- Film poster
- Directed by: Marek Polgar
- Written by: Martyn Pedler
- Produced by: Danielle McCarthy; Kate Pappas; Martyn Pedler; Marek Polgar; Mark Williams;
- Starring: Kylie Trounson; Michael Finney; Hannah Moore;
- Cinematography: Sasha Whitehouse
- Edited by: Patrick McCabe
- Music by: Shaun Keyt
- Distributed by: Surface Tension Films; Zero Gravity Management;
- Release date: August 2011 (Fantasia);
- Running time: 90 minutes
- Countries: Australia; Canada;
- Language: English

= Exit (2011 film) =

Exit is a 2011 science fiction thriller film. The film premiered at the 2011 Fantasia International Film Festival.

==Plot==
In the film, inhabitants of a city begin to believe they are living in a giant maze.
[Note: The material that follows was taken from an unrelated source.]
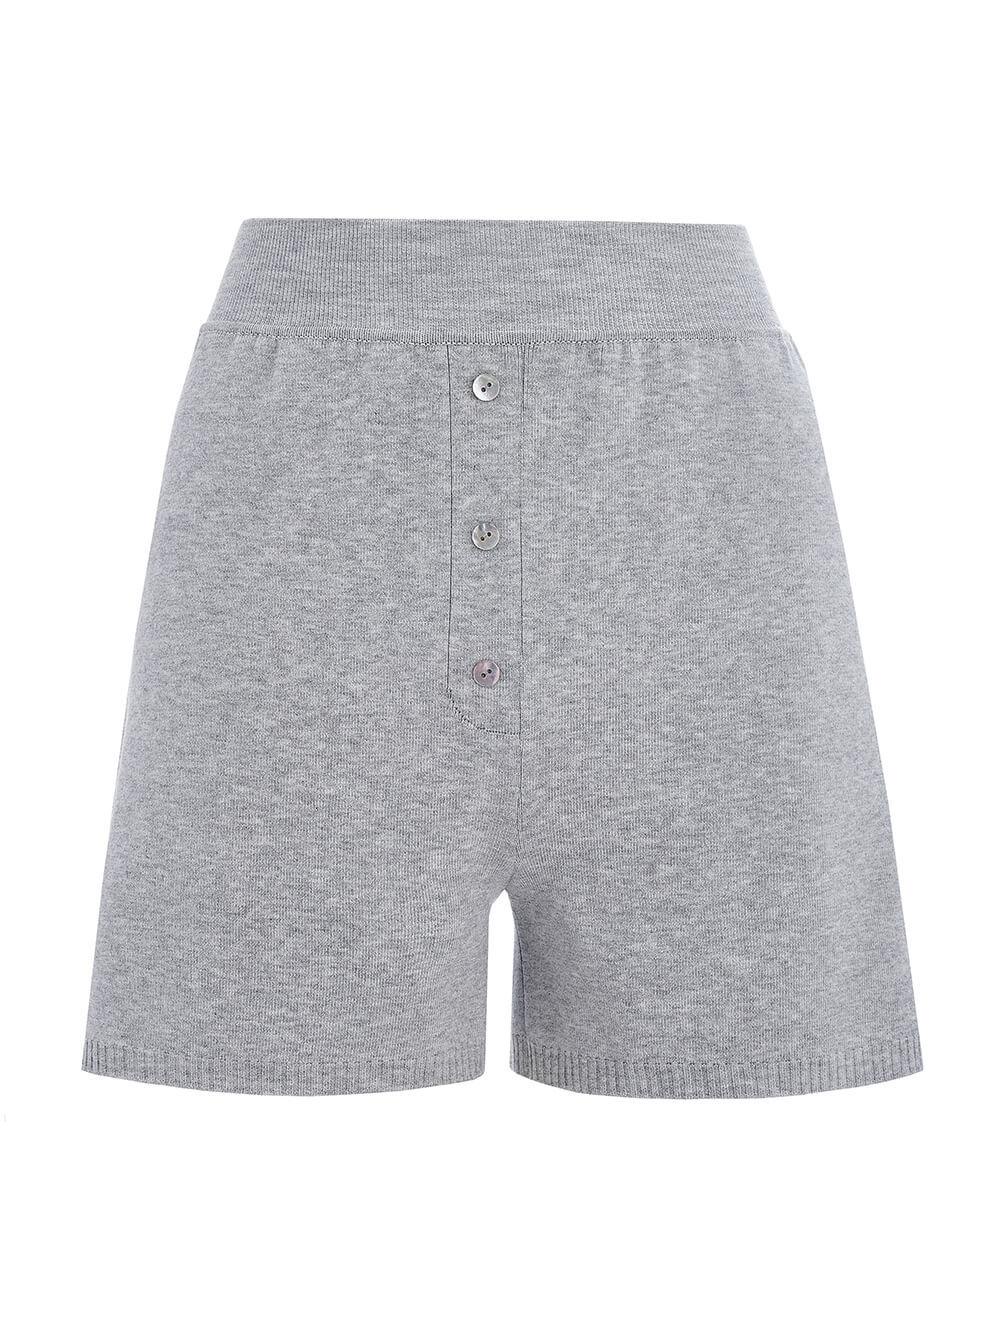 Женские шорты серого цвета из вискозы - фото 1

They leave their lives behind to walk the streets opening doors, searching for the door they are convinced has been lost for thousands of years: the exit from the city. Whatever is behind it is the subject of contemplation and conflict in the film. The story focuses on one inhabitant, Alice, and her team that believes she has found it using a strange system of maps, symbols and measurements.

==Filming==
The film was filmed in a bleached out fashion largely around The Hoddle Grid in Melbourne's Central business district.

==Reception==
Neil Mitchell of the Eye For Film had given the film 4 out of 5 and compared it to Stalker, Primer, and The Matrix.